C. Sistem Pendidikan
Islam pada Masa Reformasi
Jika dilihat dari sistem pendidikan pada masa
reformasi, kebijakan program pendidikan nasional perlu dijabarkan secara
operasional dengan menata kembali kondisi pendidikan nasional kita, yaitu perlu
ditempuh berbagai langkah pada bidang manajemen, perencanaan, sampai pada
pendidikan ditingkat mikro.[5]
Masyarakat Indonesia kini sedang berada dalam masa
transformasi. Masa reformasi telah lahir dan masyarakat Indonesia ingin
mewujudkan perubahan dalam semua aspek kehidupannya. Eurofia demokrasi sedang
marak dalam masyarakat Indonesia.

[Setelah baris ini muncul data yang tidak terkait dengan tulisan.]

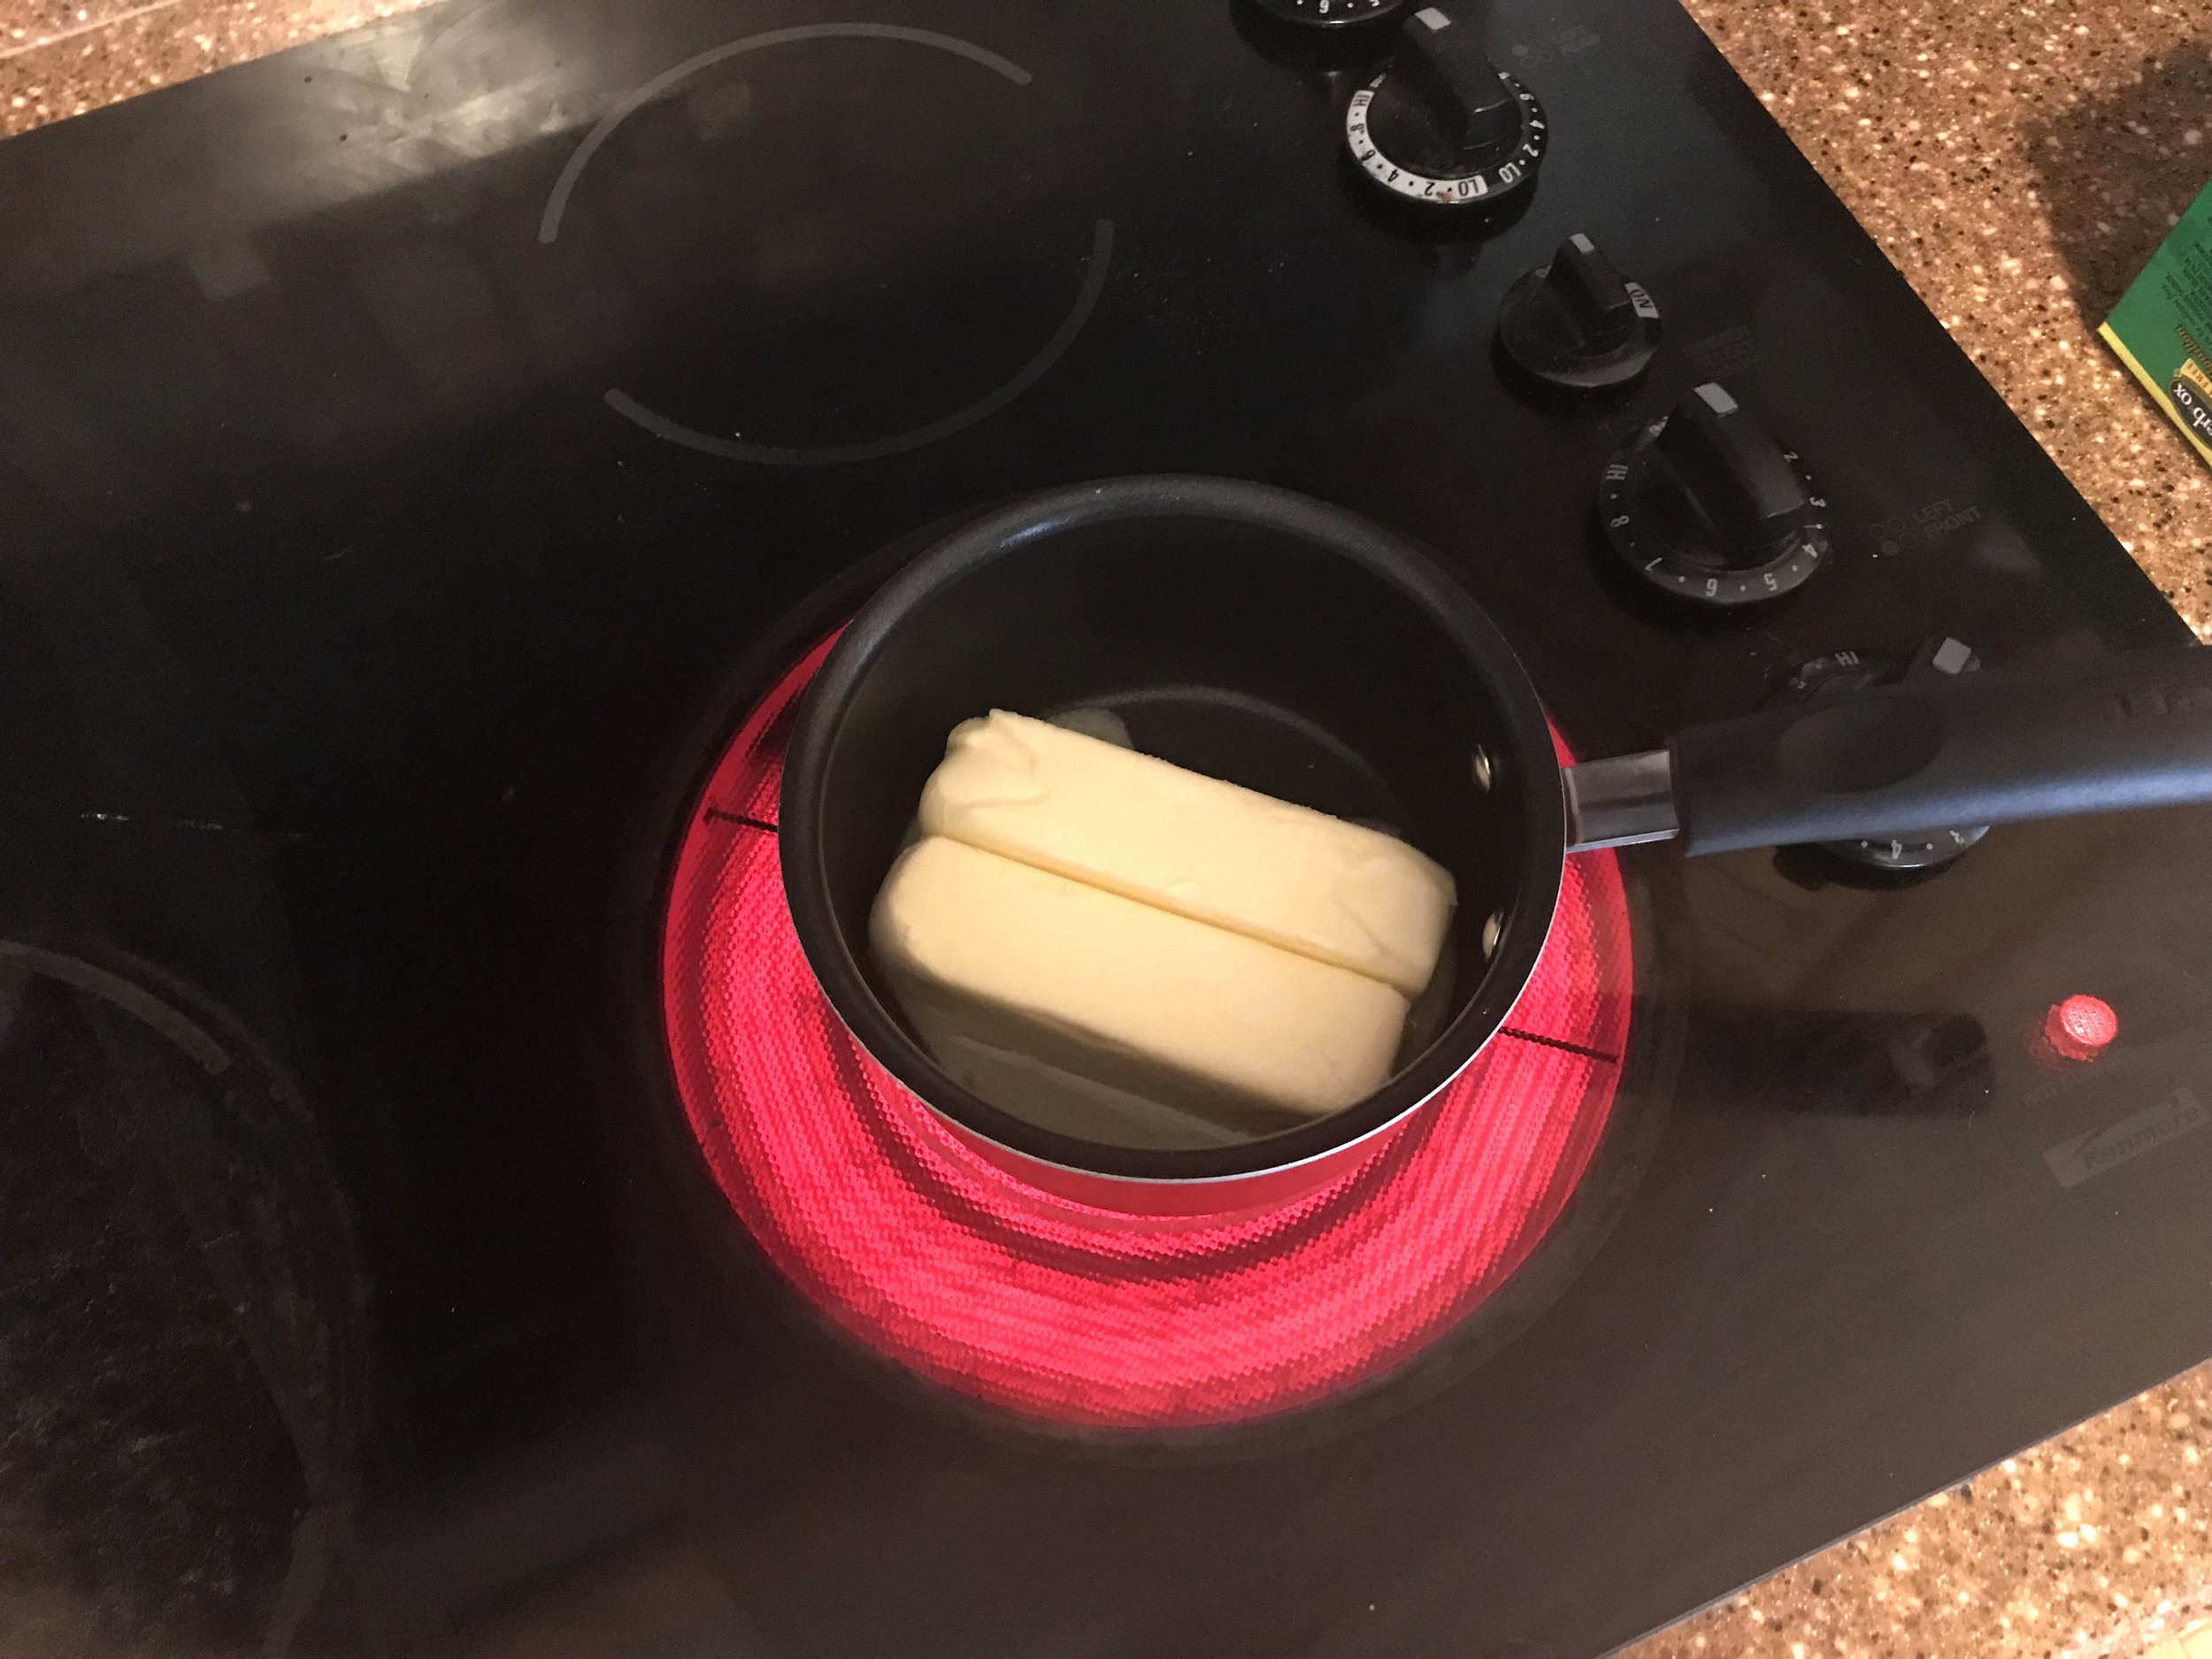 Melt down two sticks of butter over medium-high heat.

Di tengah-tengah eurofia demokrasi ini
lahirlah berbagai jenis pendapat pandangan, konsep yang tidak jarang yang satu
bertentangan dengan yang lain, antara lain berbagai pandangan mengenai bentuk
masyarakat dan bangsa Indonesia yang dicita-citakan di masa depan.
Hal ini merupakan salah satu ciri masyarakat demokrasi
yaitu lahirnya berbagai jenis pendapat sebagai pernyataan manusia untuk
memenuhi hak-hak asasinya untuk berekspresi.
Melihat maraknya tuntutan yang terjadi dalam
masyarakat khususnya tuntutan dalam pendidikan semakin lama semakin diperlukan,
mengingat pendidikan merupakan salah satu tuntutan konstitusi mengatakan bahwa
tujuan membangun negara ialah untuk mencerdaskan kehidupan bangsa dan membangun
masyarakat Indonesia seutuhnya berlandaskan Ideologi bangsa.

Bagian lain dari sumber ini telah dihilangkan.